What needs to be done:
Check every line of the data below for "Crystal". Copy each one that has it.

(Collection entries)
────────

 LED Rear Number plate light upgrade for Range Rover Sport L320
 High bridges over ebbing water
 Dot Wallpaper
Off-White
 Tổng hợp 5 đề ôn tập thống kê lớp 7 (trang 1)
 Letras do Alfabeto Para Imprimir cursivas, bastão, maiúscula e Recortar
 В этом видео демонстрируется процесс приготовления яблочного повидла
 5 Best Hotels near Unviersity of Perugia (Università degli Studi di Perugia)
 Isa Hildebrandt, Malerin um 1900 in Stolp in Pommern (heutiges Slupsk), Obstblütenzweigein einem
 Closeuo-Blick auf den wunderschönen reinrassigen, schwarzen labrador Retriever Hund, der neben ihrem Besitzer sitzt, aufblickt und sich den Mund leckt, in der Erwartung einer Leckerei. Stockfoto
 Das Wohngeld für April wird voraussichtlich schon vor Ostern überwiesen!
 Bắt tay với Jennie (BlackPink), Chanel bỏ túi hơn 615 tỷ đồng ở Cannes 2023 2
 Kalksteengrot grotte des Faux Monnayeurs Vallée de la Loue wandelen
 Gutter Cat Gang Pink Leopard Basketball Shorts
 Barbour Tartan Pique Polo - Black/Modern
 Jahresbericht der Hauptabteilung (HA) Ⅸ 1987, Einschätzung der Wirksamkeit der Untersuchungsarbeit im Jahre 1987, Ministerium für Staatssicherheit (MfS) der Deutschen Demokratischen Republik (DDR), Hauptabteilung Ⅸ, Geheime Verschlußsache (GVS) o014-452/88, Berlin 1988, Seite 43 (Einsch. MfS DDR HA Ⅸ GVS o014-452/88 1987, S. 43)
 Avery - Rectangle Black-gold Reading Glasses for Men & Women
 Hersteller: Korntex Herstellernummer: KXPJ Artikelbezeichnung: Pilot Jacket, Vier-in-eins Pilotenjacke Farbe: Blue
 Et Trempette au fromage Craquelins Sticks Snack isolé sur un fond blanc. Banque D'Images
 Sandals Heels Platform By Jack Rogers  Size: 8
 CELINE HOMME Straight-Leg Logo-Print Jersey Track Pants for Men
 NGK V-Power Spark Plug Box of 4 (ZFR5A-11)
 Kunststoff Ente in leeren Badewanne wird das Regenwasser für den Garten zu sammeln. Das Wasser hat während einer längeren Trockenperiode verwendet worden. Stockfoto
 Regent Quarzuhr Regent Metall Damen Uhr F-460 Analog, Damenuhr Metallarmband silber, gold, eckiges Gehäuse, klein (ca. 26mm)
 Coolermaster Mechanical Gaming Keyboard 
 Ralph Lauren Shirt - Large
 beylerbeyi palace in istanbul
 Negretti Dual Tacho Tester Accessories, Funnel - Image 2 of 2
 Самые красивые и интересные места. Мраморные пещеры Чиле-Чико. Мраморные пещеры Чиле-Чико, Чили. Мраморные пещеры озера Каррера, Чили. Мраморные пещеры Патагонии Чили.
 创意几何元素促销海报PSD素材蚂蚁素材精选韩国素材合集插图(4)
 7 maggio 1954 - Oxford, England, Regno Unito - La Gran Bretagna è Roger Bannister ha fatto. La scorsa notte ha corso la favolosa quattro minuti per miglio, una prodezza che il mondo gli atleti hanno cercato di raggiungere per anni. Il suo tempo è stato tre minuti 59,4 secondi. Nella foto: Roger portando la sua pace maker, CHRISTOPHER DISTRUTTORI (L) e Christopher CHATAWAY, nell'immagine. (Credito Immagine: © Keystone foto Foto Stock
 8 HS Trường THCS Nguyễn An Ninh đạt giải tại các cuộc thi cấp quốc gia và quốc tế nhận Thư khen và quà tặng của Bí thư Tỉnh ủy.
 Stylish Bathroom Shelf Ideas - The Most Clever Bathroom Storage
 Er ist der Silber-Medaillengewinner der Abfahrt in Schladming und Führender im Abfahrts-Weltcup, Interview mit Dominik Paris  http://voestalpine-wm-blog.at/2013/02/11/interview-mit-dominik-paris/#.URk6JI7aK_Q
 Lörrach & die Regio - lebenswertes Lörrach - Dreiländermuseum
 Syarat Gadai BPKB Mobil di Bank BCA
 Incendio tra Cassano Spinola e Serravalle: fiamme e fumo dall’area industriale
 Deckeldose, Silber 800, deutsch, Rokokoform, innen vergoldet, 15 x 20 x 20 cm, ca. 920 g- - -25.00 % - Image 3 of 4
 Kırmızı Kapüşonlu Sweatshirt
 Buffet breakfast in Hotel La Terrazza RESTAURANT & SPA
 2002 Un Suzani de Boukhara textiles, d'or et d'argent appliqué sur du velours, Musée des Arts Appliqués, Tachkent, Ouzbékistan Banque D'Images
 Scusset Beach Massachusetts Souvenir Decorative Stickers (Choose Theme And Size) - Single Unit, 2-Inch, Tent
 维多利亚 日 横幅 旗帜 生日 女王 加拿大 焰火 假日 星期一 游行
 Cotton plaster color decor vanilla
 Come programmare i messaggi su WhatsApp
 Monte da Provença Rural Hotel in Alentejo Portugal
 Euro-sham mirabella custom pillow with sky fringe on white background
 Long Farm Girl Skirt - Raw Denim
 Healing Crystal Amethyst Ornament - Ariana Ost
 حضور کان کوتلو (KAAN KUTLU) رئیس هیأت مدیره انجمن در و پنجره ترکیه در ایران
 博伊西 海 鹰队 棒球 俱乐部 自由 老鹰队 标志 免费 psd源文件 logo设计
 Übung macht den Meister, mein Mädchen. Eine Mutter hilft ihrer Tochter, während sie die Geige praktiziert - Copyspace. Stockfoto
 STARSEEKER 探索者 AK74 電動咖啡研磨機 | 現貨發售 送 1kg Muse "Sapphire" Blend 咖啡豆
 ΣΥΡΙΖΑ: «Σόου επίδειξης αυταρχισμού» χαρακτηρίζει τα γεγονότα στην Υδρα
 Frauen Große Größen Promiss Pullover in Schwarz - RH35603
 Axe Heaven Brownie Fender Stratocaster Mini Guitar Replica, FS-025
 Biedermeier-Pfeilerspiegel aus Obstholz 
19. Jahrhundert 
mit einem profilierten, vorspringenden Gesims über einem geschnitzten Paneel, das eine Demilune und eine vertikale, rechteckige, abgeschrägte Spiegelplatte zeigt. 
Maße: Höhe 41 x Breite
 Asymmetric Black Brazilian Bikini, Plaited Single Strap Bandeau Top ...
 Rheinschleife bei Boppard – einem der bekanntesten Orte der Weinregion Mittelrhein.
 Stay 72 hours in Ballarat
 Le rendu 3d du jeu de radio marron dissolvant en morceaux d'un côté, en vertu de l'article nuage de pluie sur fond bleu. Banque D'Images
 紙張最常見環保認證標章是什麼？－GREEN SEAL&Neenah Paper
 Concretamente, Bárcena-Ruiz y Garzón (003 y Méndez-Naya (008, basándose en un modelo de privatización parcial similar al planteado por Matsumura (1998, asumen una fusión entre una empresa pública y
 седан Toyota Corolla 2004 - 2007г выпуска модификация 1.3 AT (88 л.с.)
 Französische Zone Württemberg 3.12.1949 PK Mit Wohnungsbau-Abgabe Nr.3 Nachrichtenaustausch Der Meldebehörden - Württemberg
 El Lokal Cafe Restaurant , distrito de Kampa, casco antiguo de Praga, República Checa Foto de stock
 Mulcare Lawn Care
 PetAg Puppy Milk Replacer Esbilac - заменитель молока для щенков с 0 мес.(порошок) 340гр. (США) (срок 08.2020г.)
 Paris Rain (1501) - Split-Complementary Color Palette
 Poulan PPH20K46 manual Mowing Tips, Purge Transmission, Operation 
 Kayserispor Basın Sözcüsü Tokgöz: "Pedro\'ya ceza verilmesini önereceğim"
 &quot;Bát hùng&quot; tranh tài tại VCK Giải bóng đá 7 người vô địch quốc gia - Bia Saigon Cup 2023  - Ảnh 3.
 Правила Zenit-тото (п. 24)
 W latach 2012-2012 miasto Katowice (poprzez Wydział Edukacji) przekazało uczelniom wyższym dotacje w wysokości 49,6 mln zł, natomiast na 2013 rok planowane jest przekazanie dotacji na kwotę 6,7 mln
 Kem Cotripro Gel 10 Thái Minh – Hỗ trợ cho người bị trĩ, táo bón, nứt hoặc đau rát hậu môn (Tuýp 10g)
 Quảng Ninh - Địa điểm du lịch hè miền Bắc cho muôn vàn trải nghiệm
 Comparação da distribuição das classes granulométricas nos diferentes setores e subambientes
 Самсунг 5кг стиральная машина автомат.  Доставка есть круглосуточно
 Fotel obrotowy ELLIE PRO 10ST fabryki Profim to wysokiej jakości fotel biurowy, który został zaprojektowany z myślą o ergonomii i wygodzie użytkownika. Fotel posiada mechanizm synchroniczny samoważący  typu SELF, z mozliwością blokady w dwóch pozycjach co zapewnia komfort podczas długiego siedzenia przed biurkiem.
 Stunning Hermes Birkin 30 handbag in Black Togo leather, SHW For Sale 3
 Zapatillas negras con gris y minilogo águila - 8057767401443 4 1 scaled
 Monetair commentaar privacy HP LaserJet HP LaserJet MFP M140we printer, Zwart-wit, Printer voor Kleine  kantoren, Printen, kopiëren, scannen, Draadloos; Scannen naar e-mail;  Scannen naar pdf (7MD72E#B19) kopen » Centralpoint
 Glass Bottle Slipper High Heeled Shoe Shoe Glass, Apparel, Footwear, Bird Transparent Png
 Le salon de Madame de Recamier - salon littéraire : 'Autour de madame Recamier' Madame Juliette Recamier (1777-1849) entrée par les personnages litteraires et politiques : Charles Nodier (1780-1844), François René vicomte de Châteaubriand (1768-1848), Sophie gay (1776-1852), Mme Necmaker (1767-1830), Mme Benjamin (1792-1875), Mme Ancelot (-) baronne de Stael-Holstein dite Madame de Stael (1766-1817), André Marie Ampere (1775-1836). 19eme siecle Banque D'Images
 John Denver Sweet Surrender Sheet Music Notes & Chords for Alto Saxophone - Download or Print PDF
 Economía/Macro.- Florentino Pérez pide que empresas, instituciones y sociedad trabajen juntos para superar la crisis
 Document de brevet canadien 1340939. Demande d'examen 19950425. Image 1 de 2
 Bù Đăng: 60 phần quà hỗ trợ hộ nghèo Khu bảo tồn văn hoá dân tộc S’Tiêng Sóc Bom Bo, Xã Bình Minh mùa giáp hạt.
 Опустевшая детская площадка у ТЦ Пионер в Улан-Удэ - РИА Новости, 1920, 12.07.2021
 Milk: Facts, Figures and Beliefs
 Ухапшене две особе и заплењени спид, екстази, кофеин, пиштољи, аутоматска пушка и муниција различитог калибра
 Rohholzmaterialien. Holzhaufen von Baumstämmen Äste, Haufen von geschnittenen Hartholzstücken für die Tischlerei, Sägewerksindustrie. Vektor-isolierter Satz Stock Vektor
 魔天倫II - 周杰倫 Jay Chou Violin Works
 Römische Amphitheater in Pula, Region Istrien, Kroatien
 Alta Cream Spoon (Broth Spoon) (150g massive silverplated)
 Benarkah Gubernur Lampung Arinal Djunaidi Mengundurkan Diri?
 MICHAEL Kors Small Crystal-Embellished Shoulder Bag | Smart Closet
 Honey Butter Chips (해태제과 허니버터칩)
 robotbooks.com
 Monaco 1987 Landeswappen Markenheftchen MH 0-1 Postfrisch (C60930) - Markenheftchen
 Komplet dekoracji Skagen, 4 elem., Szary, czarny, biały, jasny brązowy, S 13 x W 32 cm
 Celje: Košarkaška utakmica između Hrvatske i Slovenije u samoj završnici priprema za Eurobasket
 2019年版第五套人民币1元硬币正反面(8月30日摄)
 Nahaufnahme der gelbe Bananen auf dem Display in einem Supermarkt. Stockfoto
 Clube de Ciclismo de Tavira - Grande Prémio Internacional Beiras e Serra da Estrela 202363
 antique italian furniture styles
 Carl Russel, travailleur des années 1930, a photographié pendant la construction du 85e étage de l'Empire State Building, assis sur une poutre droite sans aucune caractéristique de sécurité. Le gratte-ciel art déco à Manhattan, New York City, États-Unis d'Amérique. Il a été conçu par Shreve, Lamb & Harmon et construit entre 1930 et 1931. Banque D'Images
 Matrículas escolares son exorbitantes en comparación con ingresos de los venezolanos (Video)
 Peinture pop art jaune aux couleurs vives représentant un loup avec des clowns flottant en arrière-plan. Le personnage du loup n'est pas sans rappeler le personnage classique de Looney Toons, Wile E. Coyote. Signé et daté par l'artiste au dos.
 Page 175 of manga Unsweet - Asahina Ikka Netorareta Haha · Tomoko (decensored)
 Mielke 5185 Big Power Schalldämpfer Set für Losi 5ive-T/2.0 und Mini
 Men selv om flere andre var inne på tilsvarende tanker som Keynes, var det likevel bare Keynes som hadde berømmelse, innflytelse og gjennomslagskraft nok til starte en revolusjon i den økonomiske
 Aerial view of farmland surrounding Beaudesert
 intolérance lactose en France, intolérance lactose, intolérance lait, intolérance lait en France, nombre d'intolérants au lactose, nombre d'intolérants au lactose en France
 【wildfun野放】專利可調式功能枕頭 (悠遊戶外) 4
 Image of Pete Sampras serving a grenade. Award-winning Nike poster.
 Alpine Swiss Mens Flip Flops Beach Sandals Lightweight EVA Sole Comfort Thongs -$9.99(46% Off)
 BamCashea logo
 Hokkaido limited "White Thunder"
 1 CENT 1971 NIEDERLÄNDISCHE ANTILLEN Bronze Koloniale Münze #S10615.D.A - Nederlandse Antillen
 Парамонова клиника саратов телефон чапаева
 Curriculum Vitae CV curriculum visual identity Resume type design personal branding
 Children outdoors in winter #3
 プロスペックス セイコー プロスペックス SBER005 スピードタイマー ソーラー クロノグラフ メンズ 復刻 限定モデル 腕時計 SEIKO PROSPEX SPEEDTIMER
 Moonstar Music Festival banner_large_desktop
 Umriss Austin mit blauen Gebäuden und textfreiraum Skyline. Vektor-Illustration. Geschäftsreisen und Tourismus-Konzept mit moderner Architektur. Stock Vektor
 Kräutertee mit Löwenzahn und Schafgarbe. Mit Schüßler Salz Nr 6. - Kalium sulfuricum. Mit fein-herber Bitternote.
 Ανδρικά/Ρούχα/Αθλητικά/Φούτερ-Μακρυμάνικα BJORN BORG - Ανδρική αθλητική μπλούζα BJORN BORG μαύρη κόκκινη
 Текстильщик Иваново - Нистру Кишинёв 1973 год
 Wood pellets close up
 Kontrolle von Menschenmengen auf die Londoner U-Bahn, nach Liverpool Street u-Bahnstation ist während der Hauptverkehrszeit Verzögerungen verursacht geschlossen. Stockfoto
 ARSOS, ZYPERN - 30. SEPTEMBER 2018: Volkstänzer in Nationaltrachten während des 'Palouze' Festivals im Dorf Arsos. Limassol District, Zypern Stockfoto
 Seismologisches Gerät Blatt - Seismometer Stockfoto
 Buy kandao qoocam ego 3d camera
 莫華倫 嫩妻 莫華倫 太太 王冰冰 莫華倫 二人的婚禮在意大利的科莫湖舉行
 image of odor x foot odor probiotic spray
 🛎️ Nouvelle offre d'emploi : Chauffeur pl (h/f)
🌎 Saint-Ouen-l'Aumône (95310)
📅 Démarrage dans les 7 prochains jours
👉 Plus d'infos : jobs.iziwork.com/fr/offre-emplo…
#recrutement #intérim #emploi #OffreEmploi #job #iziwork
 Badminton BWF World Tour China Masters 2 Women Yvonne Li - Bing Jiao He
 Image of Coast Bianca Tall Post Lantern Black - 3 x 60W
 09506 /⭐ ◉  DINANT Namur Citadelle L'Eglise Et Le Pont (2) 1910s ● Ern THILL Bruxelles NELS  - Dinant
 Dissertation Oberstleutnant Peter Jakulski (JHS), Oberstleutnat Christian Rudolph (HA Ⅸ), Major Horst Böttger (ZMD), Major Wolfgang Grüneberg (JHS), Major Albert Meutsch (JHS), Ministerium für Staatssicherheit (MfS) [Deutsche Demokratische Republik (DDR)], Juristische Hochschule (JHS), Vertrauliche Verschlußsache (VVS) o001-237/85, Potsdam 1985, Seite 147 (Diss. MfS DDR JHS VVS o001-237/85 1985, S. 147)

────────

Your response:
 Healing Crystal Amethyst Ornament - Ariana Ost
 MICHAEL Kors Small Crystal-Embellished Shoulder Bag | Smart Closet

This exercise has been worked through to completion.